A review study into the impact that Duchenne muscular dystrophy (DMD) has on the heart proposes a new way of classifying cardiac damage caused by DMD, and outlines potential ways of managing treatment to prevent heart failure.
The sweeping review, “Cardiac Involvement Classification and Therapeutic Management in Patients with Duchenne Muscular Dystrophy,” was published in the Journal of Neuromuscular Diseases.
DMD is caused by a mutation in the dystrophin gene, which encodes for an essential muscle protein. The mutation causes no dystrophin protein to be produced, so that muscle cells lose their stability and eventually die — including muscles of the heart. These dying muscles are progressively replaced by scar tissue, so that the heart has to work harder to pump oxygen through the body and eventually results in heart failure.
Complications associated with DMD include arrhythmias and conduction disorders, or problems with the propagation of electrical impulses through the heart that control its beating.
Skeletal muscles are also affected in DMD, reducing patients’ ability to be mobile. Symptoms normally associated with heart muscle disease, such as dizziness and loss of consciousness, are rarely seen in these people. For this reason, it’s very important that heart health in DMD patients be monitored regularly via electro cardiograms (ECG) and echocardiography.
Classification of heart involvement in DMD
Based on clinical, ECG and cardiac magnetic resonance (CMR) findings, the study’s authors constructed a four-stage clinical-radiological classification of heart involvement in DMD:
- Stage 1: Patients who are asymptomatic, or who do not show any symptoms of heart impairment either clinically or in ECG and CMR tests.
- Stage 2: Tachycardia, in which the heart beats faster than normal while at rest.
- Stage 3L Peripheral edema, where the heart in no longer efficiently pumping fluid to the lungs. Fluid accumulates in the legs and feet, causing swelling.
- Stage 4: Anasarca, characterized by extreme generalized edema or widespread swelling of the body.
A good classification of heart involvement in DMD can help clinicians better understand disease pathology and assess how well therapeutic interventions to treat heart problems are working.
Heart problems in DMD, the review noted, can either be treated with drugs or mechanically by using devices.

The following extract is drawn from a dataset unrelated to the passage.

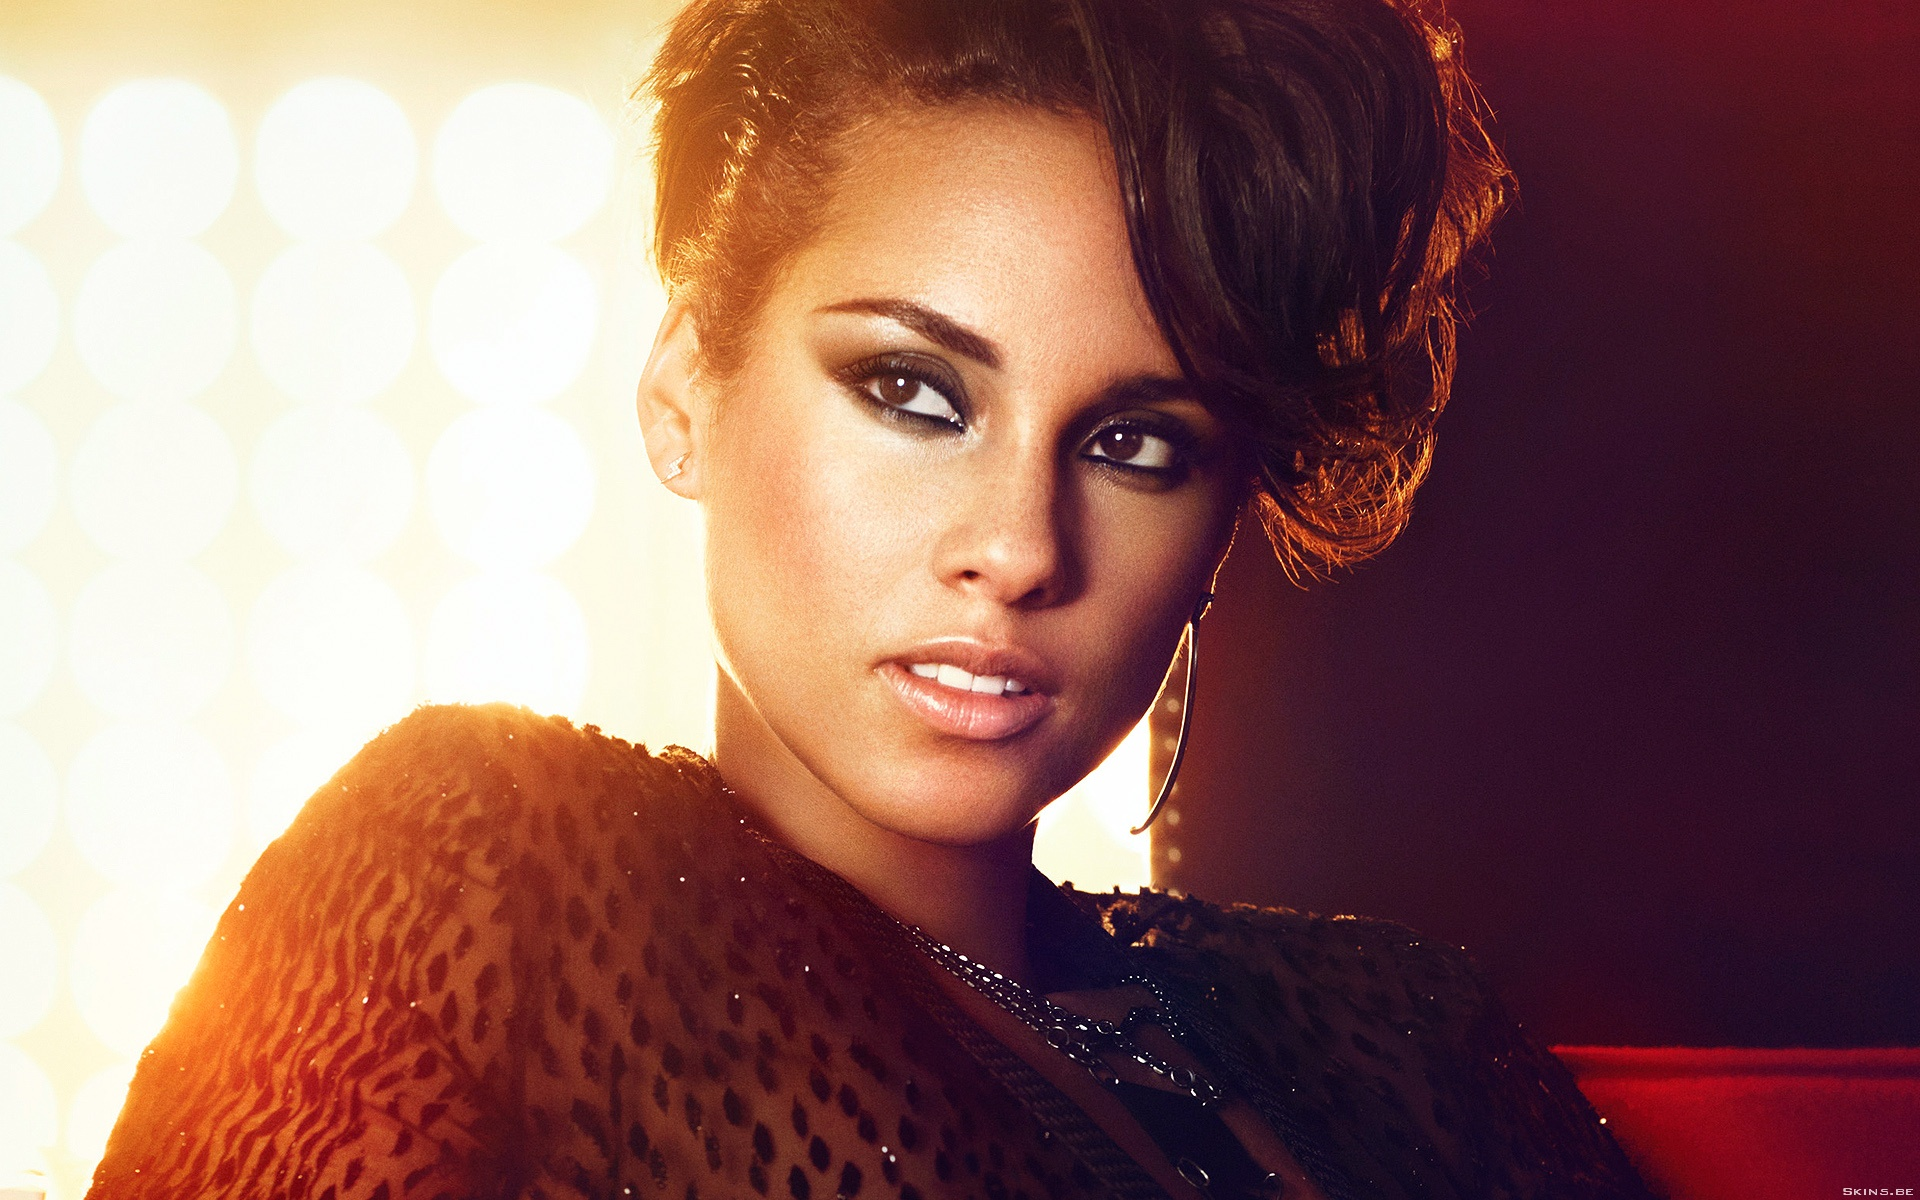 Alicia Keys Widescreen Wallpaper
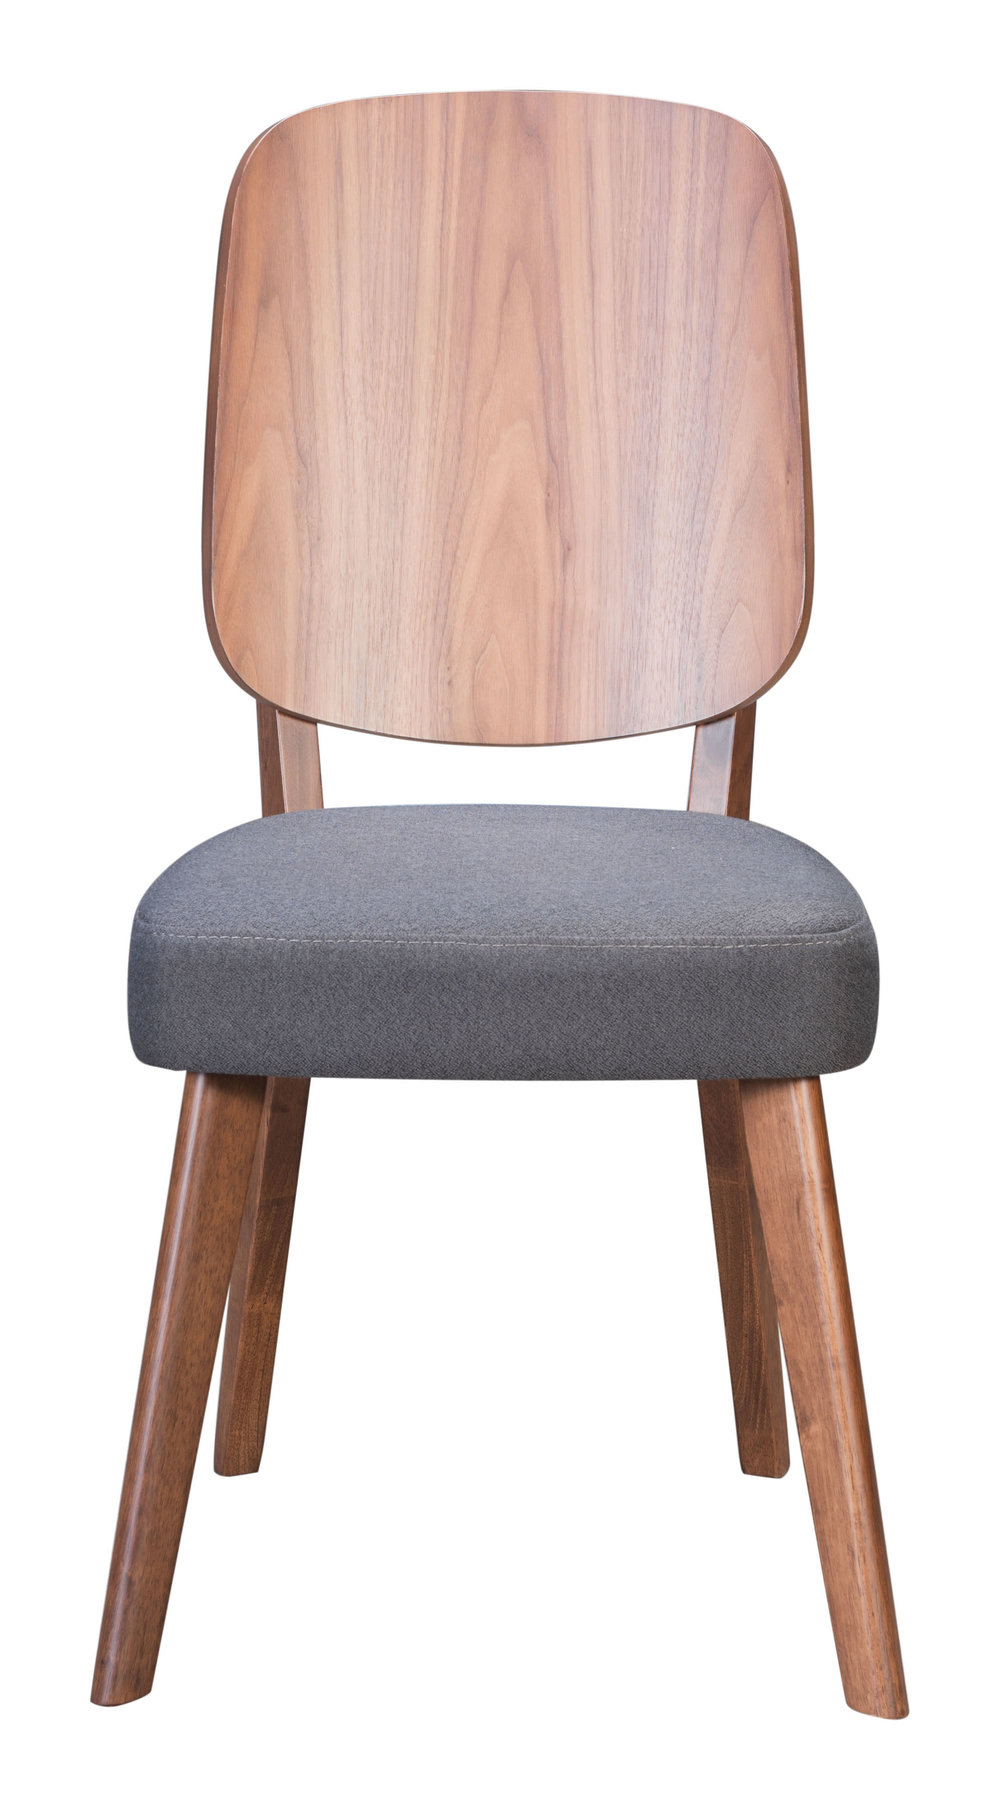 ZUO MODERN CONTEMPORARY, INC - Alberta Dining Chair - Set of 2 - Walnut & Dark Gray

Drugs used to treat DMD heart problems mainly consist of angiotensin converting enzyme (ACE) inhibitors, such as perindopril, and beta blockers such as Zebeta (bisoprolol), Coreg (carvedilol), and Lopressor (metoprolol).
ACE inhibitors widen and dilate blood vessels, increasing the volume of blood that the heart pumps and decreasing blood pressure. ACE inhibitors also have anti-scarring properties and have been shown to delay the onset of heart muscle disease in patients.
Beta blockers inhibit the effect of epinephrine (also known as adrenaline), a hormone involved in the “fight or flight” response. They allow the heart to beat more slowly and with less force, and they dilate blood vessels — all of which lowers a person’s blood pressure. Research demonstrates that when used together with ACE inhibitors, beta blockers can have a beneficial effect on heart function in DMD.
Recent studies also show that Inspra (eplerenone), a blood pressure lowering medication, can also aid heart function in children with DMD when used together with ACE inhibitors or beta blockers.
Steroid therapy is also thought to possibly have a positive impact on heart muscle, reducing the risk of heart failure, the review said.
Finally, Raxone (idebenone), a drug that increases energy output from the mitochondria (the energy powerhouses of cells) has been associated with a slight improvement in heart function. Raxone use in DMD patients is currently being evaluated in clinical trials.
Treatment with devices
Two main types of mechanical treatments are used to manage heart problems in DMD patients. These are cardiac resynchronization therapy (CRT) and noninvasive ventilation.
In CRT, a small medical device called a defibrillator is placed in the heart and sends tiny electrical signals to muscles to synchronize the heart. It is thought that CRT can benefit patients with symptomatic heart failure. But technical difficulties associated with implanting a defibrillator, as well as a risk of infection, need to be carefully considered.
Noninvasive ventilation is the therapy of choice for respiratory failure in DMD. These patients usually require long-term mechanical ventilation, especially in later stages of the disease.
“Heart failure is a significant complication in DMD,” the authors concluded, adding that how well the heart is working should be assessed each year in all DMD patients older than age 10.